Samantha nodded. “She has that same touch of death in her as you do, so you must be right. It’s corrupting the order of her existence the same as it’s corrupting yours. Like you, even though she is alive, she, too, carries death within her. Except that with her that presence of death is stronger than it is within you.
“In that way, you both exist in two worlds—the kingdom of life, and the kingdom of death.” Samantha leaned a little closer in the sphere’s light, lifting an eyebrow to be sure he was paying attention. “Those two worlds don’t belong together.”
“Great,” Richard muttered, now concerned that on top of everything else, Kahlan didn’t have the protection of her power.
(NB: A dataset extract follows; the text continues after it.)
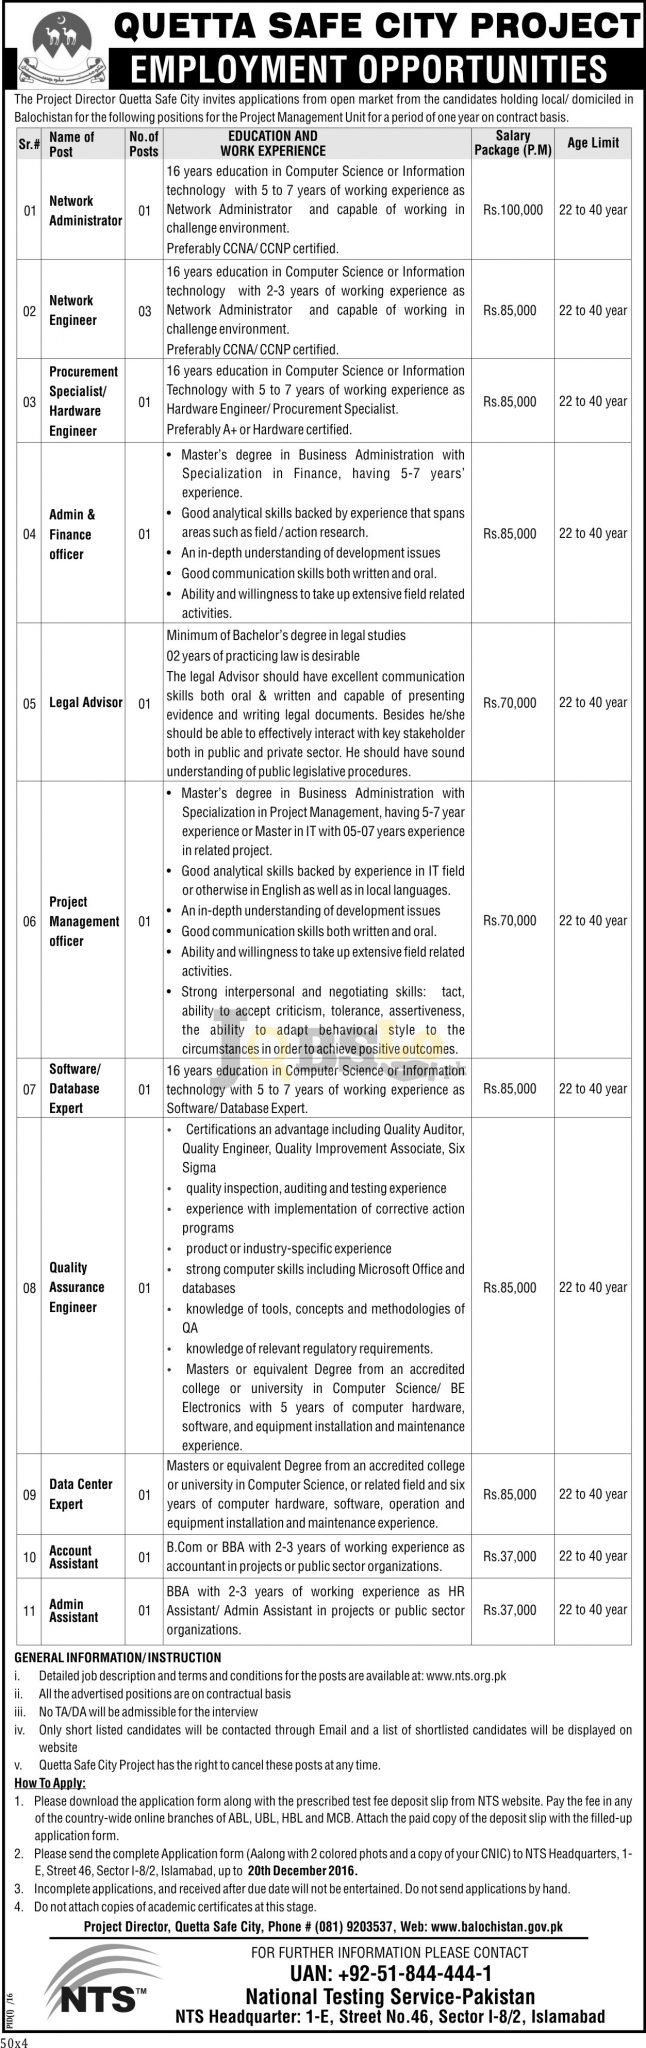 Quetta Safe City Jobs 2016 NTS Online Application Form nts.org.pk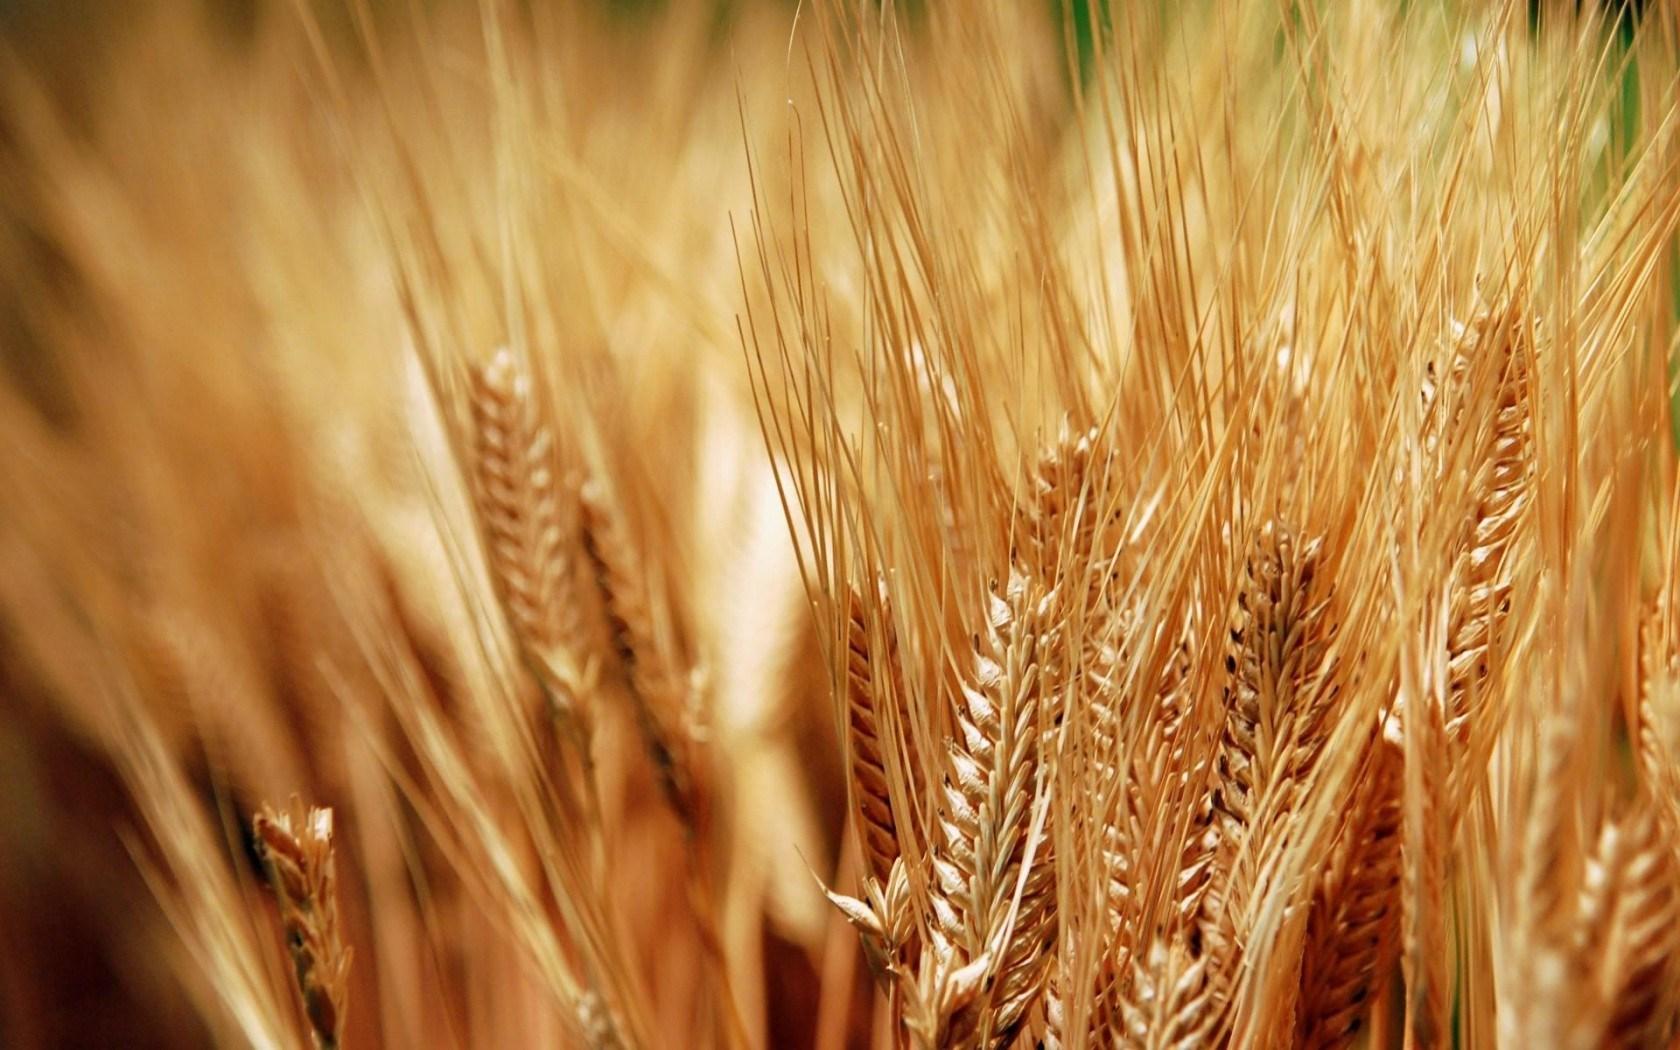 Nature Wheat Plants Close-Up

“Come on,” Samantha said as she started down the stone corridor.
CHAPTER
21
Richard followed behind the wisp of a girl, engulfed in the glowing cocoon of light from the glass sphere she was holding. The stone of the passageway walls had been laboriously smoothed and precisely squared with the floor and ceiling, much like the rest of the quarters where Samantha now lived. There were no decorations of any kind on the smooth walls, other than the very faint natural variations in the consistency of the rock.
The corridor, devoid as it was of furnishings or so much as a shelf or niche or bench, had an odd feel to him, a deliberately sterile sense, as if it had been built with the intention that there be no distractions of any kind, no reason to linger, for those meant to use this hallway. The skill and time invested in creating the flat precision was in and of itself the decoration.
In an odd way, it put him in mind of some of the private corridors in the People’s Palace, the ancestral home of the Lord Rahl. They were lined with beautiful paintings and statues that were meant to be a subtle reminder to the Lord Rahl, as he passed through those halls, of his duty to protect the sanctity of life. This corridor, devoid of anything that might be a distraction, in a contrary and subtle way seemed meant to remind those whose business it was to pass this way of the deadly seriousness of their purpose.
He wondered what that purpose could be.
In places the corridor curved gently. By the way it bent its way through the mountain, Richard had the impression that the meandering route was not for aesthetic reasons. The curves, being shallow turns rather than straight sections connected by corners, seemed yet another aspect of the guiding principle of minimizing distractions.
After a time, they arrived at another door similar to the first one. It, too, had a capstone covering the far side of the square passageway, to stop anyone who might have made it past the first from getting any farther. Without delay, Samantha pressed the flat of her small hand against the metal plate on the wall to the side.
Richard noticed that when she did, the light sphere glowed brighter as the magic recognized her as someone permitted to pass the shielded doorway. That told him that this shield was stronger than the first. In addition, this stone looked bigger and considerably heavier than the previous one, apparently another means to keep what was beyond more secure.
The mountain itself rumbled as the great, round stone disc began rolling to the right, its tremendous weight grinding small bits of dirt and popping flakes of rock, crushing them under the weight. The stone rolled back into a slot cut into the mountain. Once through, since the first had been closed, she left the second stone open.
Beyond the doorway, Richard noticed that the corridor was half again wider than the one they had just come from. The walls of this place were also smoothed, but to a far greater degree, so that they had a sheen to them. He ran his fingers along the cold, creamy surface of the stone, marveling at what it would have taken to accomplish such an effect. The light from the sphere Samantha held reflected off the wall in a way that revealed that the stone had been smoothed and then polished in much the same way marble statues were polished to create flesh in stone.
When they rounded a curve and abruptly encountered symbols on the walls to the left, Richard stopped in his tracks.
The designs had been incised into the featureless rock walls, making those symbols more enduring than paint would ever have been. Whoever had done this wanted those symbols to remain as long as the mountain stood. He could see that farther on into the passageway the symbols and designs proliferated to cover most of the wall.
Richard recognized the symbols.
Samantha turned back. “Come on. This way.”
Richard had a hard time pulling his gaze from the flowing designs, the circles within circles, the unique devices, and varied emblematic shapes. He started out again, hurrying to follow Samantha.